Here's the most recent event, though it occurred previously on 6/25 and 7/01:
Code:
Oct 01 00:29:18 Joker kernel: sd 0:0:3:0: [sdd] tag#1705 request not aligned to the logical block size
Oct 01 00:29:18 Joker kernel: I/O error, dev sdd, sector 5710089600 op 0x1:(WRITE) flags 0x4000 phys_seg 2 prio class 0
Oct 01 00:29:18 Joker kernel: sd 0:0:3:0: [sdd] tag#1706 request not aligned to the logical block size
Oct 01 00:29:18 Joker kernel: I/O error, dev sdd, sector 5710091647 op 0x1:(WRITE) flags 0x4000 phys_seg 2 prio class 0
Oct 01 00:29:18 Joker kernel: sd 0:0:3:0: [sdd] tag#1708 request not aligned to the logical block size
Oct 01 00:29:18 Joker kernel: I/O error, dev sdd, sector 5710093695 op 0x1:(WRITE) flags 0x4000 phys_seg 2 prio class 0
Oct 01 00:29:18 Joker kernel: sd 0:0:3:0: [sdd] tag#1709 request not aligned to the logical block size
Oct 01 00:29:18 Joker kernel: I/O error, dev sdd, sector 5710095743 op 0x1:(WRITE) flags 0x0 phys_seg 8 prio class 0
Oct 01 00:29:18 Joker kernel: zio pool=tank vdev=/dev/disk/by-id/wwn-0x5000039ce85bf1cd-part1 error=5 type=2 offset=2923557486592 size=4186112 flags=1573046
Oct 01 00:29:18 Joker zed[4147459]: eid=16946 class=io pool='tank' vdev=wwn-0x5000039ce85bf1cd-part1 size=4186112 offset=2923557486592 priority=3 err=5 flags=0x1800b6 bookmark=95645:848:0:1082
Oct 01 00:29:18 Joker zed[4147462]: eid=16947 class=checksum pool='tank' vdev=wwn-0x5000039ce85bf1cd-part1 algorithm=fletcher4 size=4186112 offset=2923557486592 priority=4 err=52 flags=0x1800b0 bookmark=95645:848:0:1082
This results in output like this from zpool status:
Code:
pool: tank
state: ONLINE
status: One or more devices has experienced an unrecoverable error. An
attempt was made to correct the error. Applications are unaffected.

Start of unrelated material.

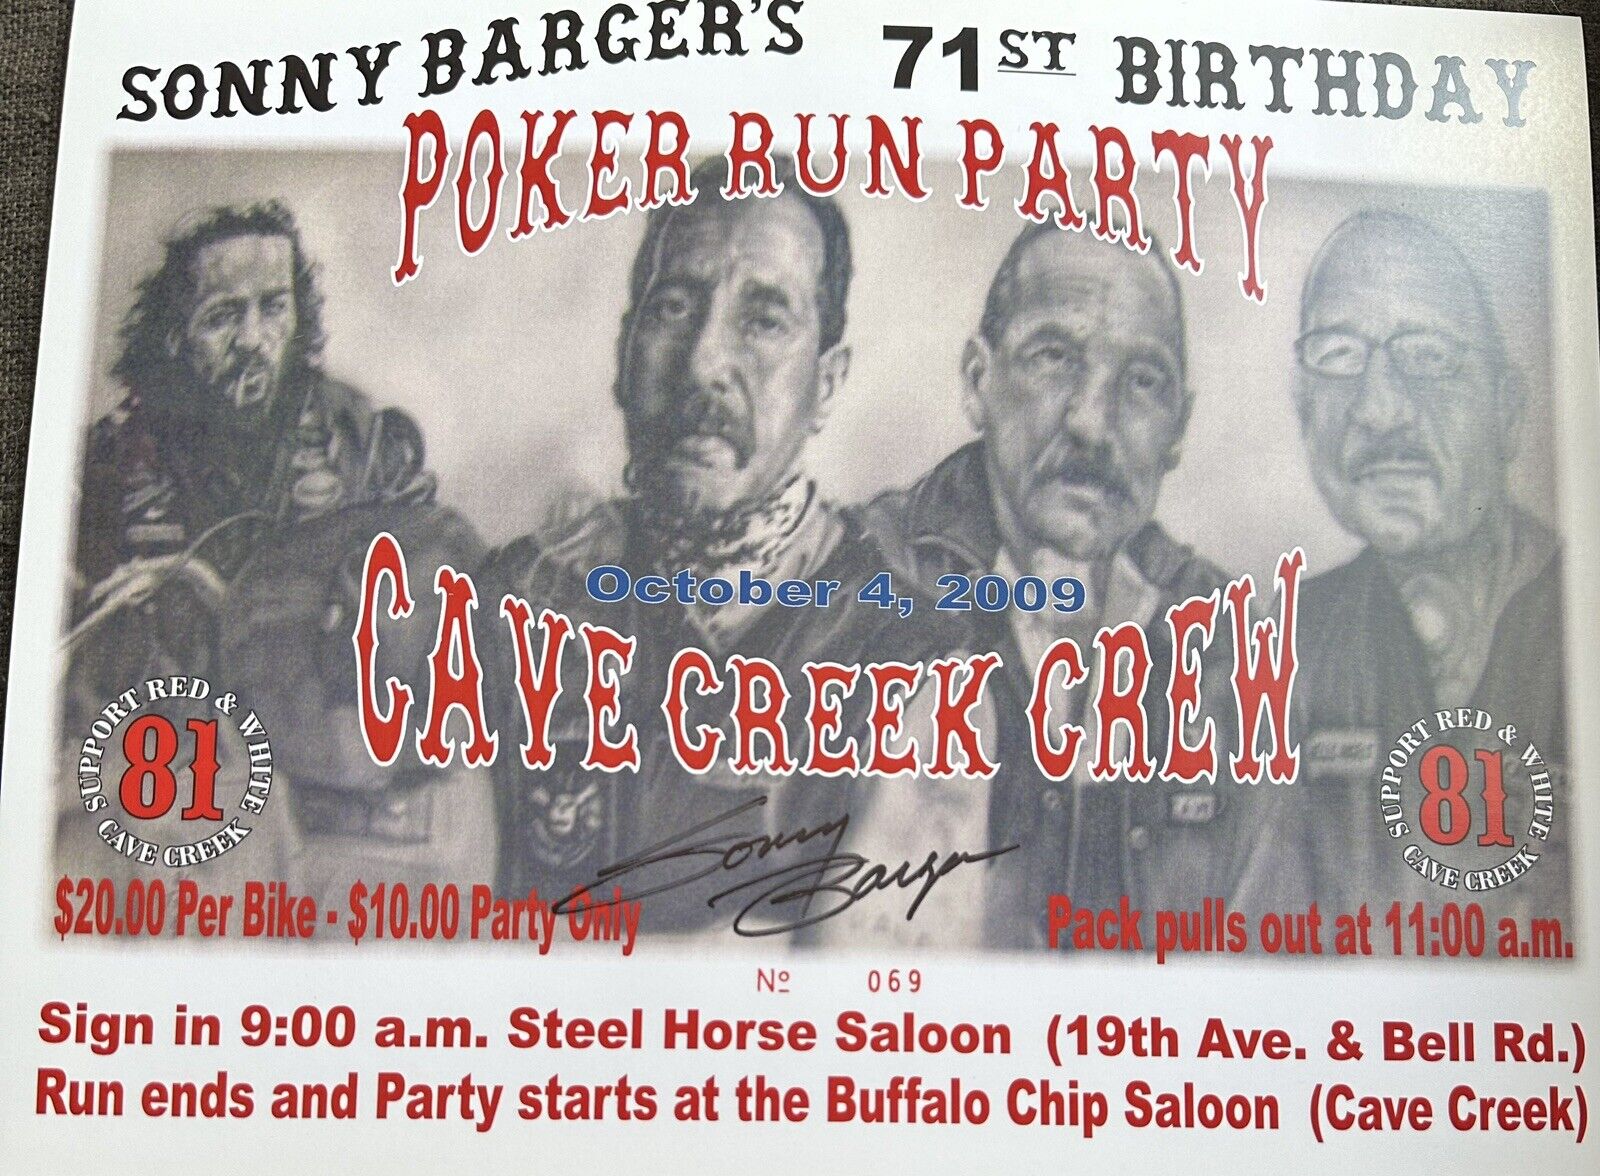 Sonny Barger Hells Angels  Signed This Poster From His 71st Birthday. Number 69

action: Determine if the device needs to be replaced, and clear the errors
using 'zpool clear' or replace the device with 'zpool replace'.
see: https://openzfs.github.io/openzfs-docs/msg/ZFS-8000-9P
scan: scrub repaired 0B in 19:25:44 with 0 errors on Tue Oct 1 19:49:47 2024
config:
NAME STATE READ WRITE CKSUM
tank ONLINE 0 0 0
mirror-0 ONLINE 0 0 0
wwn-0x5000c500e8aca4f0 ONLINE 0 0 0
wwn-0x5000039ce85bf1cd ONLINE 0 4 4
mirror-1 ONLINE 0 0 0
wwn-0x5000c500e8b2e3b3 ONLINE 0 0 0
wwn-0x5000039ce8626e19 ONLINE 0 2 2
mirror-2 ONLINE 0 0 0
wwn-0x5000039af8d1d138 ONLINE 0 0 0
wwn-0x5000039af8d1d150 ONLINE 0 0 0
mirror-3 ONLINE 0 0 0
wwn-0x5000c500e553ef5d ONLINE 0 0 0
wwn-0x5000c500e58a3e06 ONLINE 0 0 0
mirror-5 ONLINE 0 0 0
wwn-0x5000c500e5be860b ONLINE 0 0 0
wwn-0x5000cca2c2dbcbf4 ONLINE 0 0 0
mirror-6 ONLINE 0 0 0
wwn-0x5000c500e5b190de ONLINE 0 0 0
wwn-0x5000cca285c940e0 ONLINE 0 0 0
mirror-7 ONLINE 0 0 0
wwn-0x5000039af8d1d3c6 ONLINE 0 0 0
wwn-0x5000c500e54f7ef2 ONLINE 0 0 0
special
mirror-4 ONLINE 0 0 0
wwn-0x500a0751e6bc2335 ONLINE 0 0 0
wwn-0x500a0751e5c75dfe ONLINE 0 0 0
wwn-0x5002538f3392be89 ONLINE 0 0 0
spares
wwn-0x5000c500e848371d AVAIL
errors: No known data errors
The values aren't consistent, but they are always low (4 is the largest I've seen). I've attached the full output -- it appears that both disks got hit with this error at around the same time and never again. This happens extremely rarely and I haven't seen any rhyme or reason for it.
System is a 12900K with 128GB memory and an LSI 9305-16i connected to a 45homelab HL15 with 15 drives in a 7x2 + hot spare setup. Of the above disks, the two 4Kn disks having the error are wwn-0x5000039ce85bf1cd and wwn-0x5000039ce8626e19. The disks that previously held that specific spot never had issues, but were replaced to upgrade the vdev from 8TB -> 18TB.
The array has never had any actual runtime issues that were noticeable in any applications and clearing the error makes it go away for what appears to be about a month at a time according to the attached log excerpts. Scrubs don't run monthly, they run every 4 months -- so there were no scrubs running when the errors previously occurred.
Any ideas on things to try to narrow down the issue?